Unresolved contention for Intel Fortran RTL global resource

Unresolved contention for Intel Fortran RTL global resource

Dogbite的头像

As I have slogged forward (I hope) in the process of OMPizing my large legacy program, I have already encountered one of OMP's most endearing traits: the program now crashes multiple times in multiple places in a single run. (Of course, this is progress compared to the program simply stopping without explanation or error message.)

I am hoping someone can provide insight into this particular message beyond what the documentation provides:

forrtl: severe (152) unresolved contention for Intel Fortran RTL global resource

This seems to indicate that the system is having trouble handling multiple calls to IO routines from the individual threads -- that is, the routines are not capable of handling threaded IO calls. This reminds me of something I read about using CRITICAL declarations to isolate IO calls.

I am wondering about the level of granularity I need to use for this protection. Is it sufficient to isolate calls to an individual file, or must Iisolate all IO calls to all files? Or does it depend on the call: do I need to isolate all READ calls from each other and all WRITE calls from each other, but can permit Thread 0 to READ while Thread 3 WRITEs?

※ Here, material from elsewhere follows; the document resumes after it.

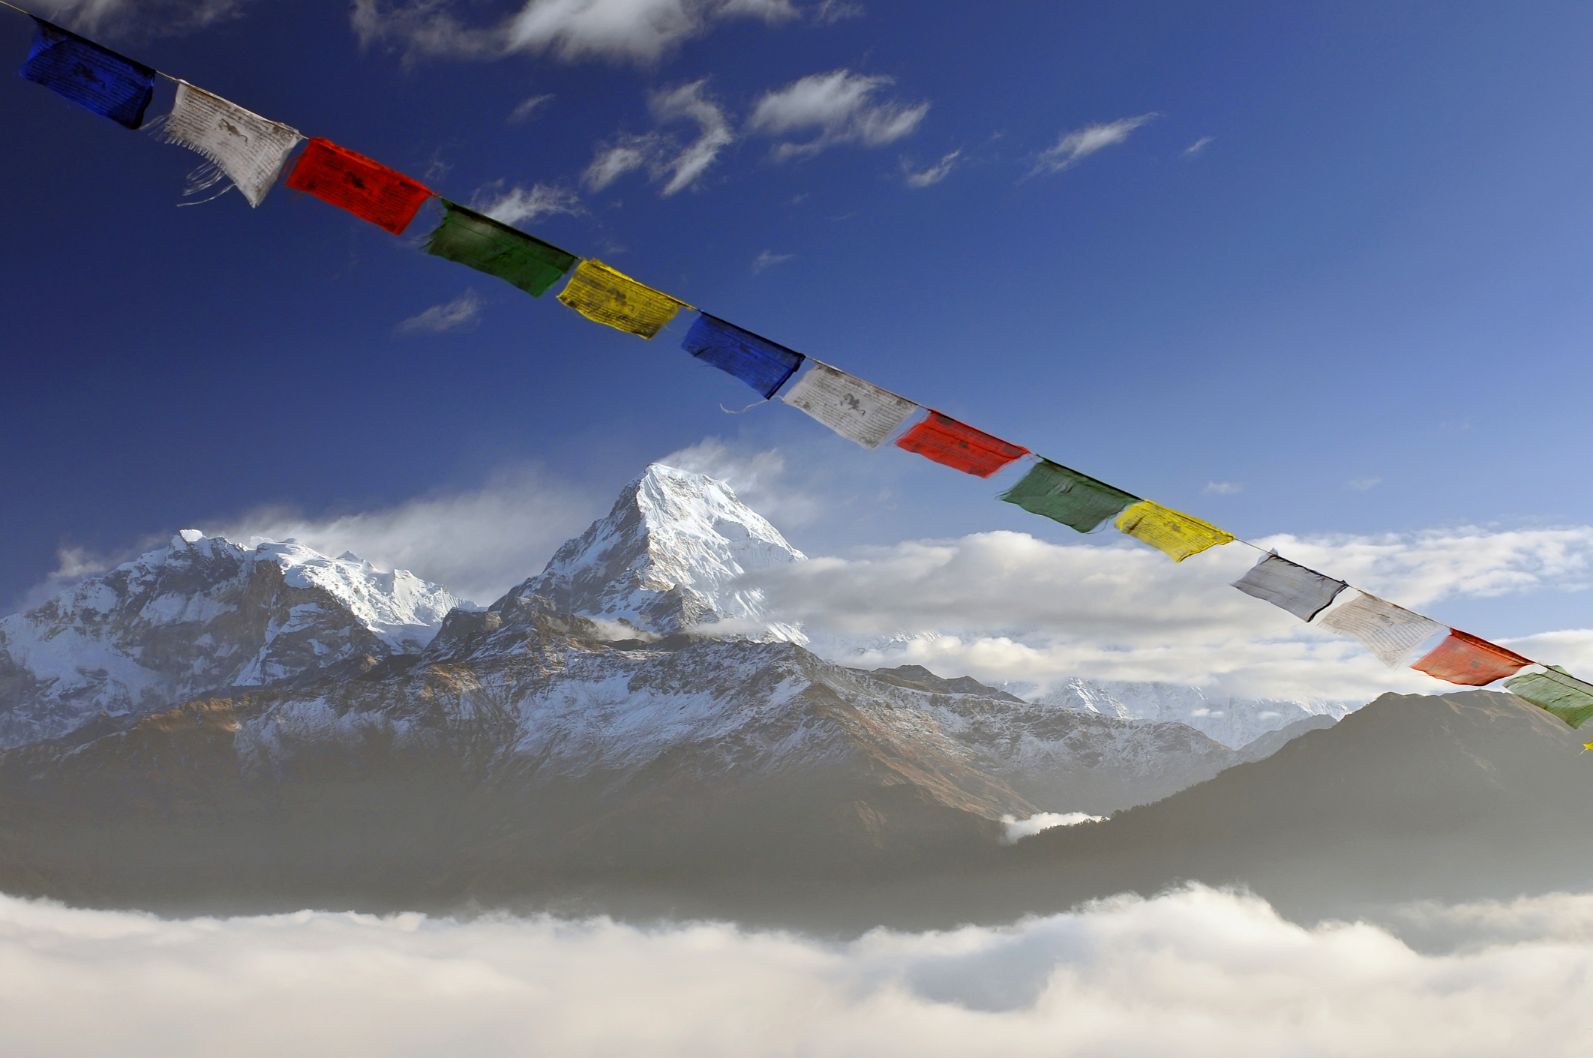 The Annapurna massif, with prayer flags in the foreground.

And are there other considerations I'm missing?

26 帖子 / 0 new
最新文章
如需更全面地了解编译器优化,请参阅优化注意事项
Steve Lionel (Intel)的头像

What compile options are you using? Is this a single EXE or does it use a DLL or static library with other Fortran code?

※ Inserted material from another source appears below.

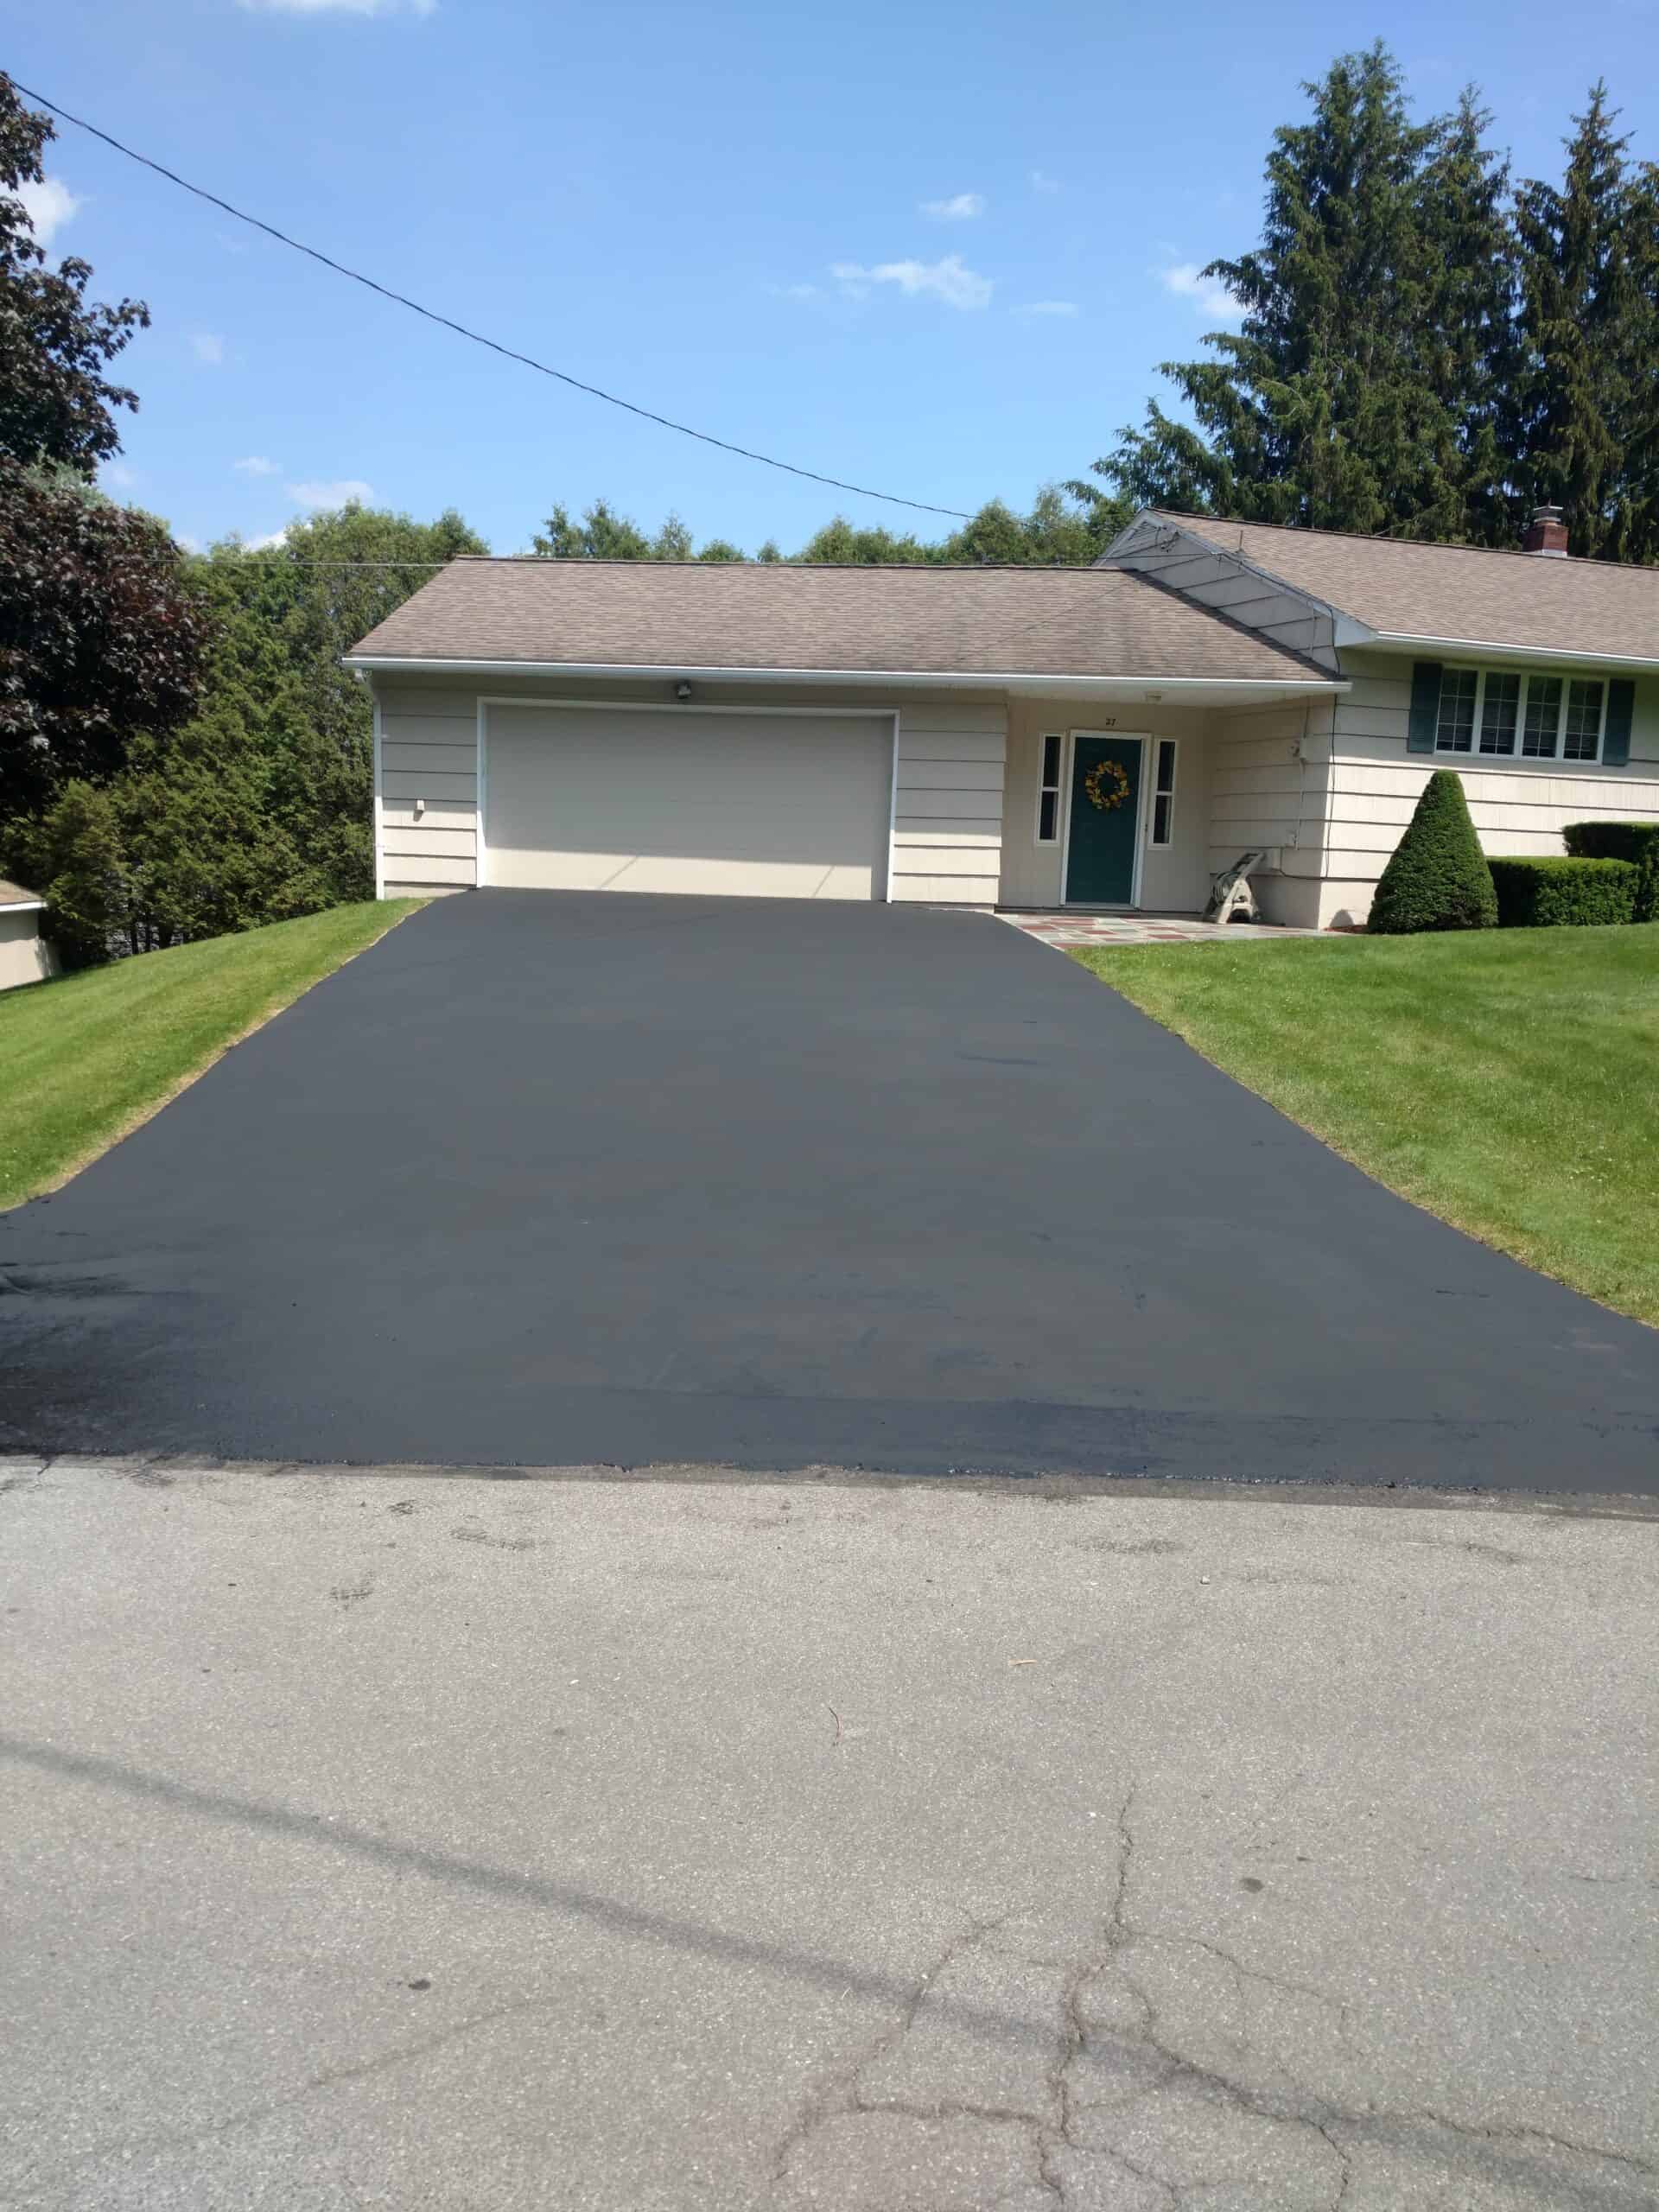 Asphalt sealcoating can add resistance and protection to your Westmoreland, New Hartford, or Clinton driveway! Call Newman Landscaping & Sealcoating today!

The Fortran RTL can protect itself against access from multiple threads assuming that the /reentrancy:threaded option is used (I'm pretty sure /Qopenmp enables that.) However, the languge disallows starting an I/O on a given unit while another one is in progress on that unit, hence the usual advice to put I/O in a critical section (or a single thread).

Steve
Dogbite的头像
Quoting - Steve Lionel (Intel) What compile options are you using? Is this a single EXE or does it use a DLL or static library with other Fortran code?

The Fortran RTL can protect itself against access from multiple threads assuming that the /reentrancy:threaded option is used (I'm pretty sure /Qopenmp enables that.) However, the languge disallows starting an I/O on a given unit while another one is in progress on that unit, hence the usual advice to put I/O in a critical section (or a single thread).

Thanks, Steve.

The program is a single EXE and uses the IMSL ('link_fnl_static.h') library and the OMP ('libiomp5md.lib') library.
The command line I've been using reads:

/nologo /debug:full /Od/gen-interfaces /Qopenmp /Qdiag-error-limit:50 /Qopenmp_report:2 /warn:interfaces /Qauto /align:commons /assume:byterecl /fpe:0 /names:uppercase /module:"x64Debug" /object:"x64Debug" /asmattr:source /asmfile:"x64Debug" /traceback /check:bounds /libs:static /threads /dbglibs /c

I set the /reentrancy:threaded option, but that produced similar results:one /0 error, one unresolved contention, and one "internal consistency check failure, file for_exit_handler.c, line 359".

Which leads me to another question: what happens after a fatal error on one thread? Does the system terminate them (unless they suicide first)? Or do the survivors get to run as long as they can?

Steve Lionel (Intel)的头像

I'm not sure what happens if one thread dies. It had been my understanding that a fatal error would end the application. I'll have to ask our RTL developers about the contention error.

Steve
Steve Lionel (Intel)的头像

The information I received said that this can happen if two threads are trying to do I/O to the same unit number at the same time, and the RTL is having difficulty getting access to the data structure. This would be an error anyway, hence my suggestion to put I/O in a critical section. Is this happening after some other error occurs in the program?

Steve
Dogbite的头像
Quoting - Steve Lionel (Intel) The information I received said that this can happen if two threads are trying to do I/O to the same unit number at the same time, and the RTL is having difficulty getting access to the data structure. This would be an error anyway, hence my suggestion to put I/O in a critical section. Is this happening after some other error occurs in the program?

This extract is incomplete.